Once the line with "Sad White Horse" is found in the entries below, repeat it and each following line exactly, up to and including the line with "Vegan food in". Add no other lines.

- _Data under study_
※ ※ ※

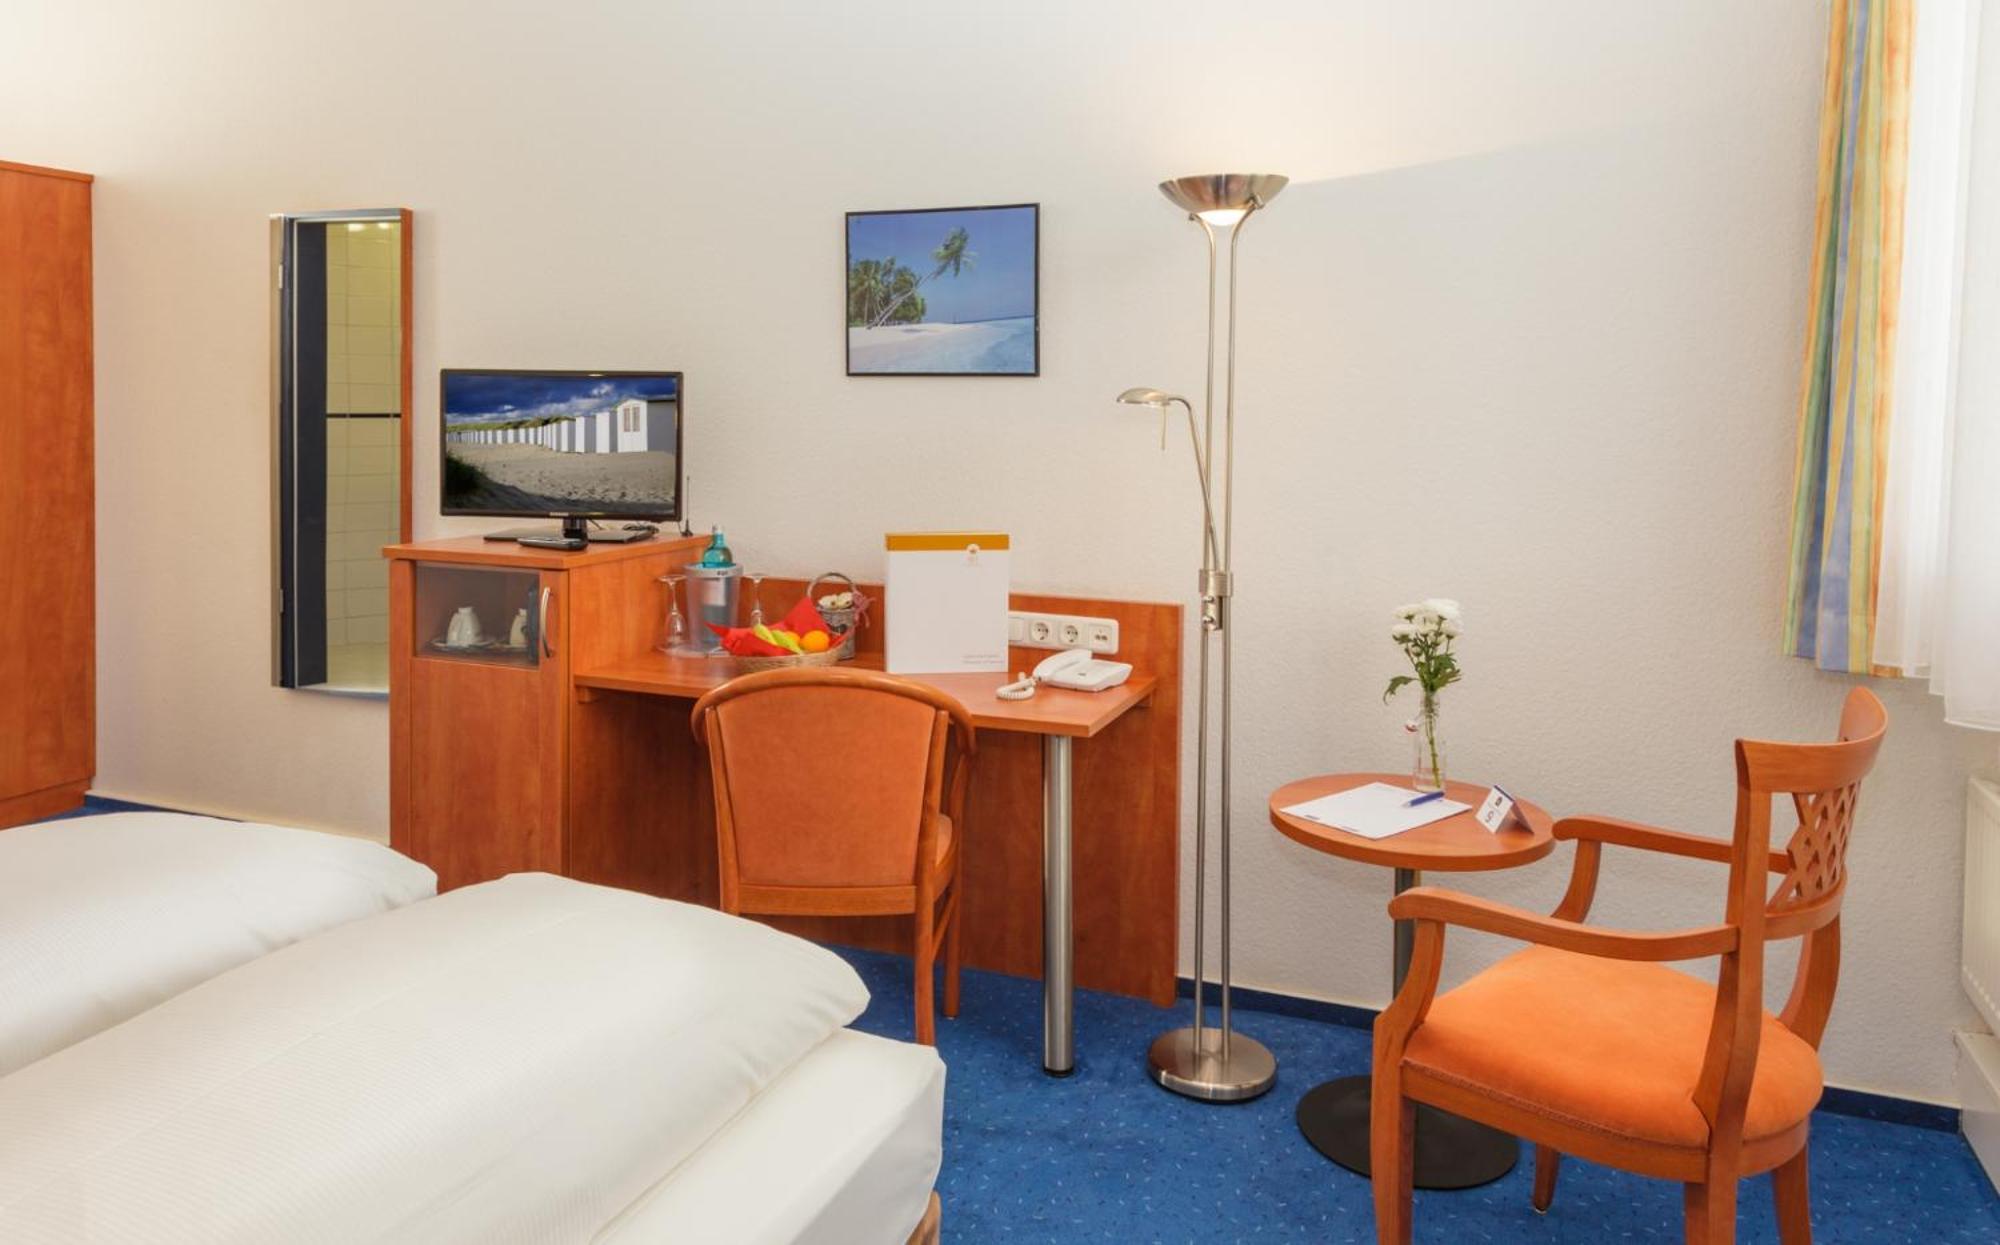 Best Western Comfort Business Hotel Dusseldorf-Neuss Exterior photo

※ ※ ※

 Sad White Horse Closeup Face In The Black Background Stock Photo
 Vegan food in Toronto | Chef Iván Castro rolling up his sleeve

※ ※ ※

- _Response box_
 Sad White Horse Closeup Face In The Black Background Stock Photo
 Vegan food in Toronto | Chef Iván Castro rolling up his sleeve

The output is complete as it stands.